As a reaction to the entire walled city being declared ‘commercial’ by the LDA and by the current rulers, themselves traders, I went to the Lahore High Court after a newspaper advertisement of the LDA stated so. The honourable court has not been able to hear my ‘urgent’ plea for well over a year. I am not surprised at all, for even they are human.

So back to Lohari Gate I came, shocked at what I had seen. Then started my three-hour walk, along garden paths, the outer road, the patches of garden, and where possible alongside the paths where the wall once stood. Traders have built shops, warehouses, fences and open spaces to store goods. Not a single brick remains. The government at places has managed to auction portions of the old garden. Even a city without its fathers does not deserve this. Why should bureaucrats remain far behind given the profits to be made by inaction.

At Delhi Gate I stopped to see shops oozing out onto Circular Road. The sheer strength of the trader mafia is too strong for any political establishment to resist, let alone bureaucracy. There was the old ‘Nakkas Khana’ that was bulldozed overnight by the LDA backed by the son of a top politician, for he is part of the trio mafia who rule, informally, everything that happens inside the ‘walled’ city. If you want to sell a house, it has to be routed through them.

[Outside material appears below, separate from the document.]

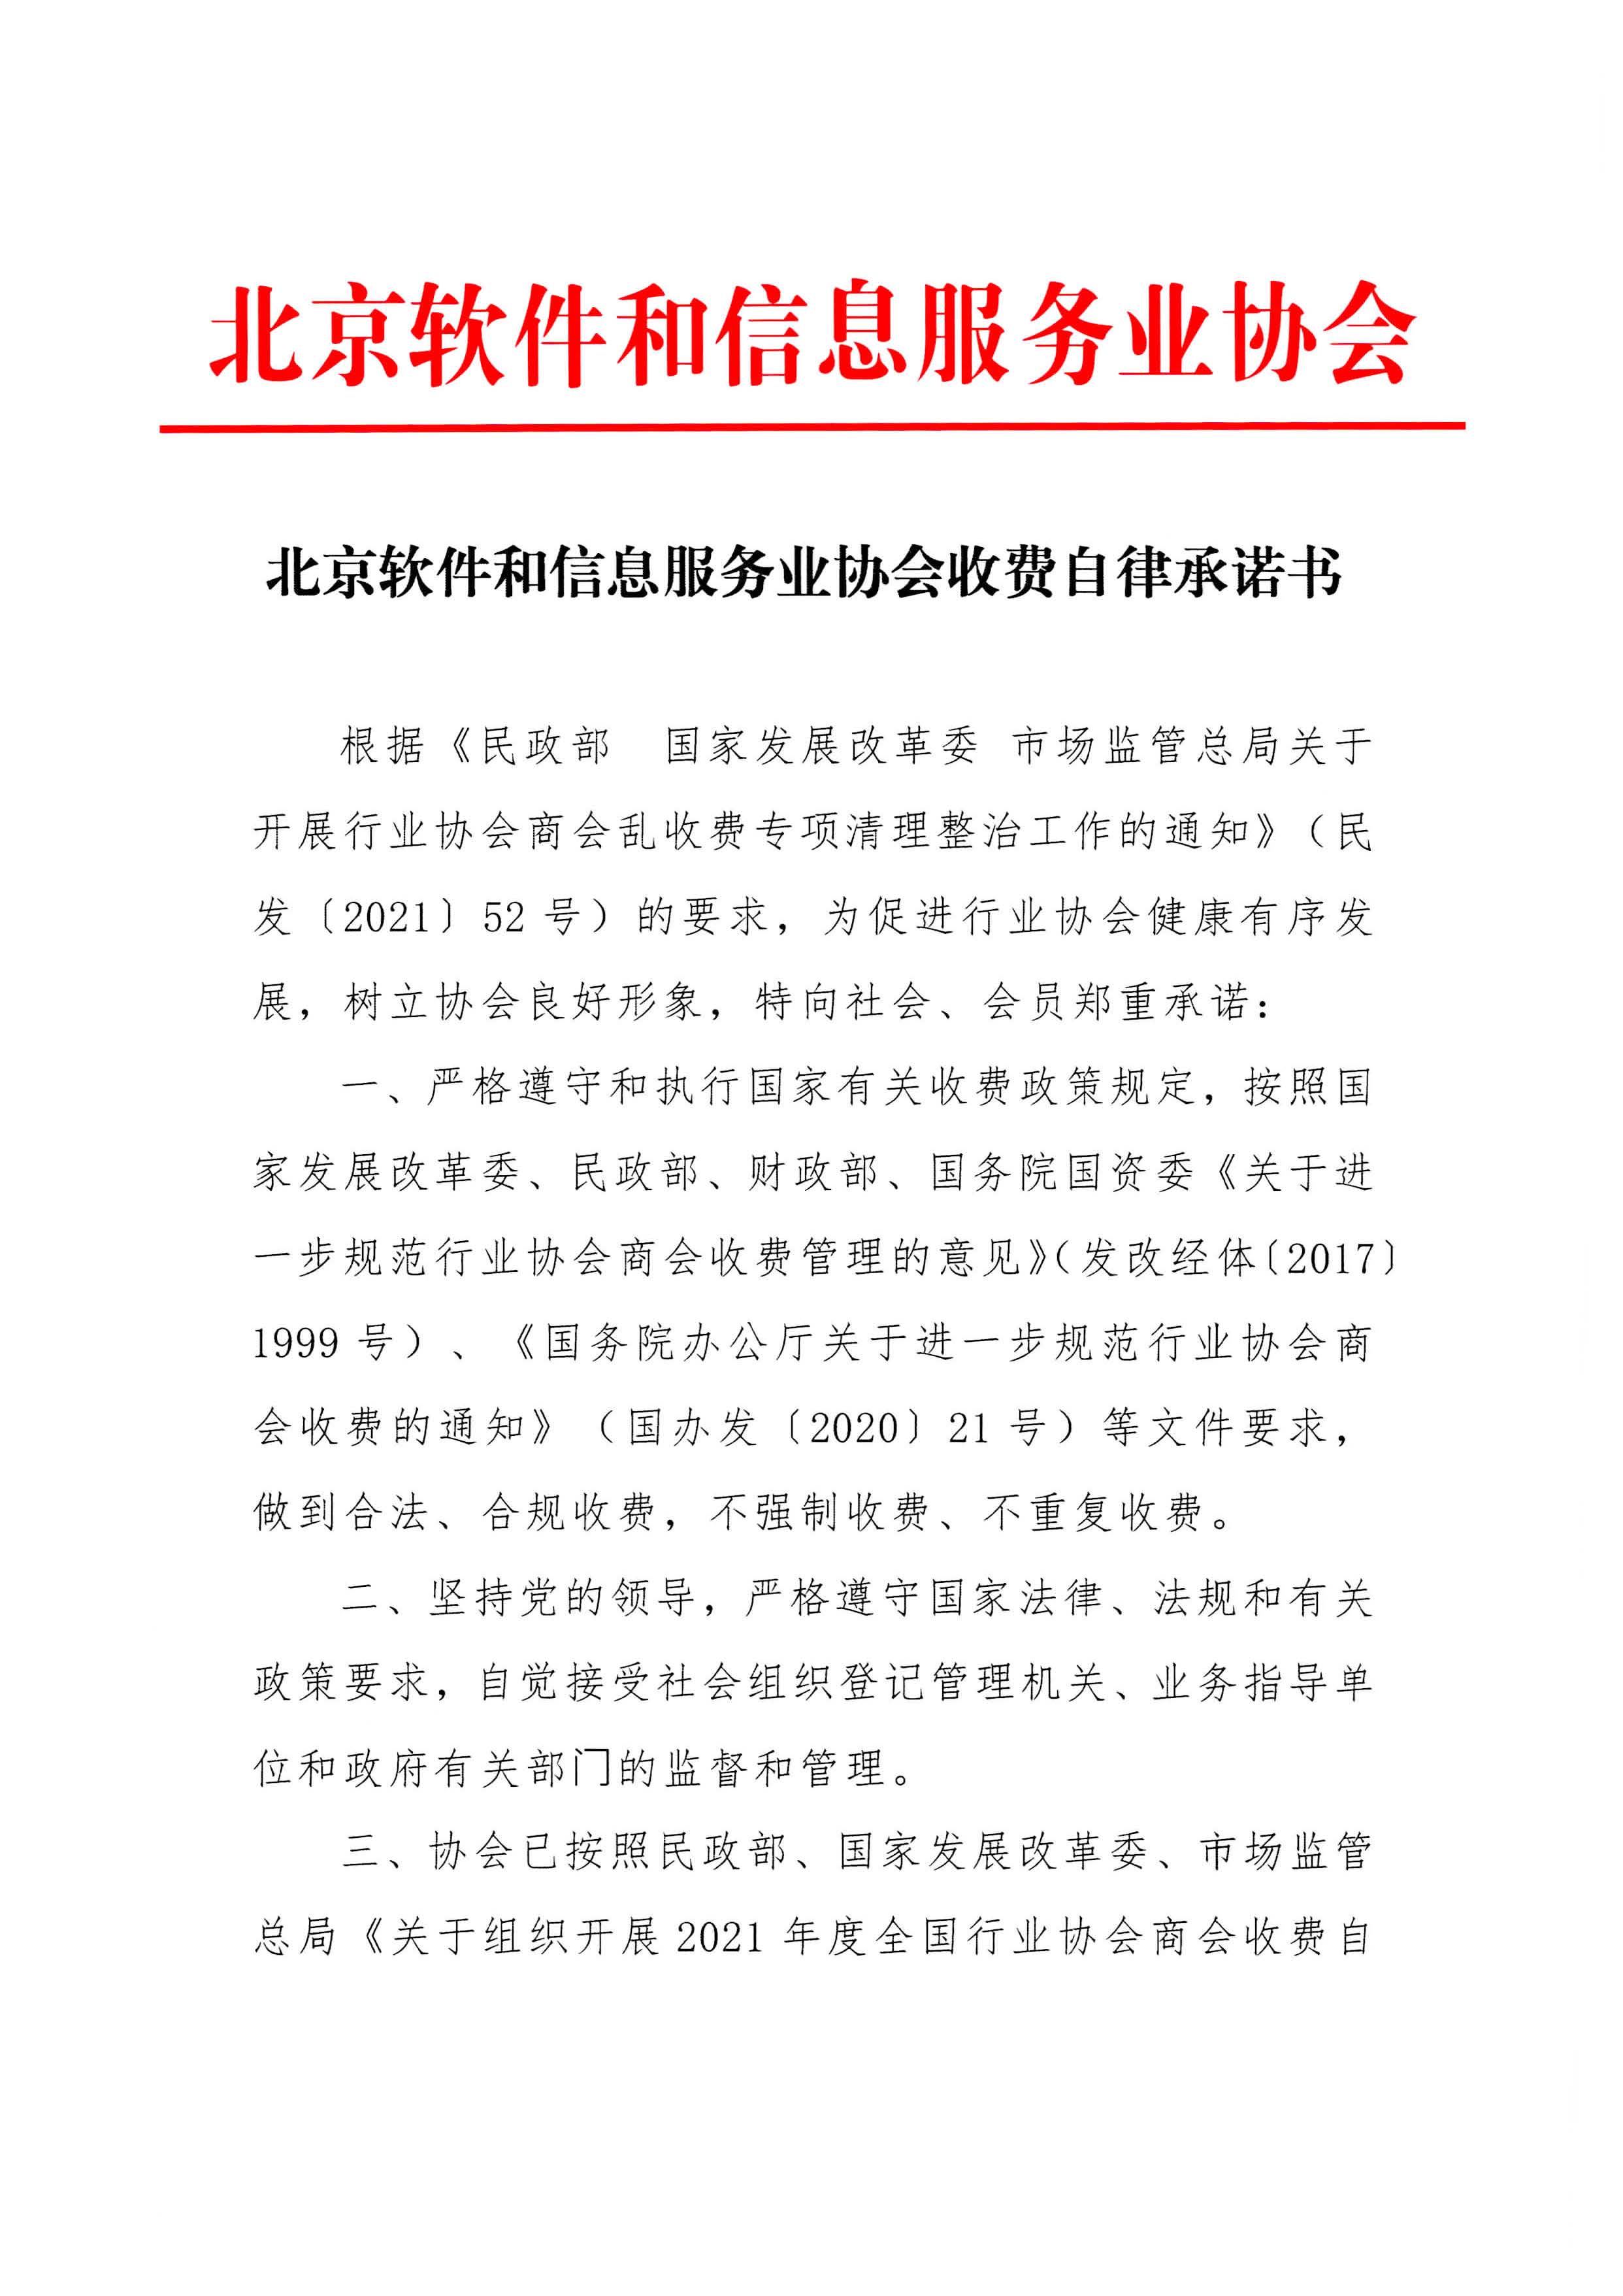 北京软件和信息服务业协会收费自律承诺书_页面_1.jpg

To the north the government, while building a hospital named after Nawaz Sharif, knocked down the remaining historic walls.

The Press did not flinch, let alone report it. This was after several gates were made in them by traders. This newspaper reported the development. The traders decided to get rid of the old wall to end the controversy. No head, no headache. Journalists remained silent. I am not surprised for they are, like bureaucrats, human too.

So on to Tibbi I went. Incidentally, the word ‘tibbi’ comes from the word ‘tibba’ – a mound. Today mention of the word titillates the imagination. The food street also titillates as it slowly converts into a brothel as we had predicted after the young buck of the ruler got it made. I have nothing against the world’s oldest profession, and would probably want them to be licensed and restricted. But among the illiterate morality swings both ways.

As I walked along the western side, I knew that this was knocked down by the British for defence purposes after 1857. They feared sieges like the one that took place at Delhi. So back to Bhati Gate, onto Mori and back to Lohari Gate I came. Luckily my car was still there. So I completed my walk to see the wall that is no longer there. The poverty is unwatchable. The original inhabitants have all fled, their ancestors and their traditions no longer exist.

Can we save our old ‘walled city’ yet? The answer is a massive ‘No’. Our trader-politician class forced an organisation like the Aga Khan Trust for Culture out of Lahore. The government even sent a bill for the security provided to the Aga Khan, mind you our guest, when he came visiting. Might as well have slapped the man for caring so much for Muslim culture.

There is only one solution, and this might excite the rulers who love to build expensive infrastructure. Might as well give the rulers more grass to chew. Let the government build a New Walled City on the other side of the river between the Saggian and the Motorway bridges. Let all the markets and traders go there. Shift the truck and bus stands there, join it with the Metro Bus plan. Let this be the New Lahore Walled City.

In this way the original city will be vacated and conserved for tourists, who will bring in more money than the traders can imagine, as well as providing the city a soft image and a lot of business. It will give the poor a chance. If this happens, then mind you the rich will want to buy property in the old ‘walled’ city again. There is no harm dreaming something positive. After all we dream of Lahore and do nothing about it.